Program komputer ini diperlukan untuk membedakan makalah yang dihasilkan manusia dan AI. Sebab, manusia mungkin tidak begitu baik dalam menemukan perbedaannya secara manual. Namun, tetap dibutuhkan studi berskala lebih luas untuk membuat model yang lebih andal sehingga dapat menjaga integritas metode ilmiah dalam penulisan.
Di satu sisi, minat orang menggunakan kecerdasan buatan sangat tinggi. ChatGPT, produk teknologi berbasis AI generatif buatan OpenAI, misalnya, diperkirakan memiliki lebih dari 100 juta pengguna secara global.
Akan tetapi, di sisi lain, banyak juga yang mengkritik pemakaian chatbot ini. Beberapa di antaranya terkait plagiasi, akurasi, dan memicu kekhawatiran penyebaran berita palsu.
Sementara itu, Organisasi Pendidikan, Ilmu Pengetahuan, dan Kebudayaan Perserikatan Bangsa-Bangsa (UNESCO) menerbitkan makalah terkait rekomendasi tentang etika AI. Makalah ini menyarankan kerangka kerja prosedural untuk mengatasi dan memitigasi risiko yang mungkin timbul dalam penggunaan AI.
”Penting bagi kami untuk bertindak cepat guna memastikan bahwa orang dan organisasi siap untuk merancang serta menggunakan teknologi ini dan mengevaluasi dampaknya.
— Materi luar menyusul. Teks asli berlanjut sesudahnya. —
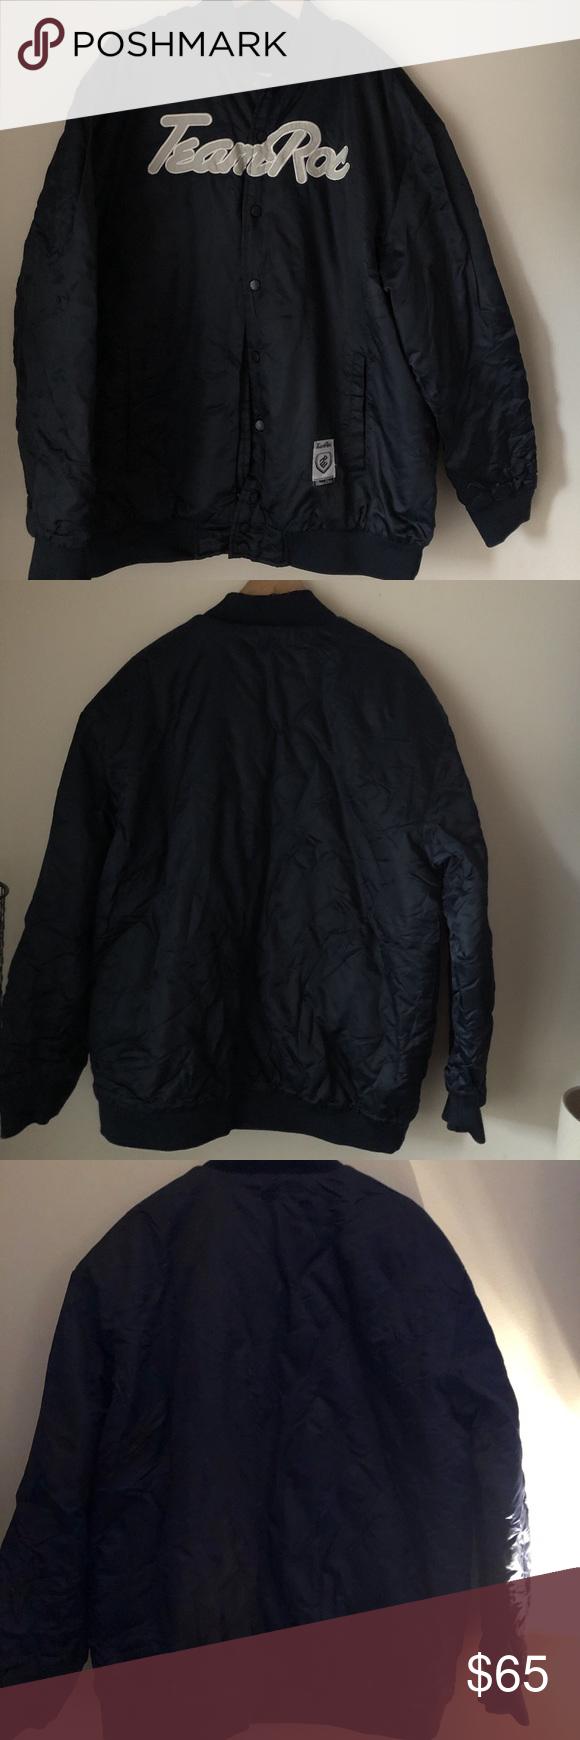 Teamroc Satin Jacket Satin Jackets Jackets Clothes Design [ 1740 x 580 Pixel ]

Untuk melakukannya, kami menyediakan analisis yang jelas dan saran kebijakan berdasarkan rekomendasi UNESCO,” ujar Asisten Direktur Jenderal untuk Ilmu Sosial dan Kemanusiaan UNESCO Gabriela Ramos dikutip dari laman resmi UNESCO.
Di tengah meningkatnya kecemasan atas laju inovasi AI yang melampaui regulasi, rekomendasi UNESCO diharapkan berguna menjadi pemandu dalam pemanfaatan kecerdasan buatan. Apalagi, AI berpotensi disalahgunakan, termasuk untuk aksi kejahatan.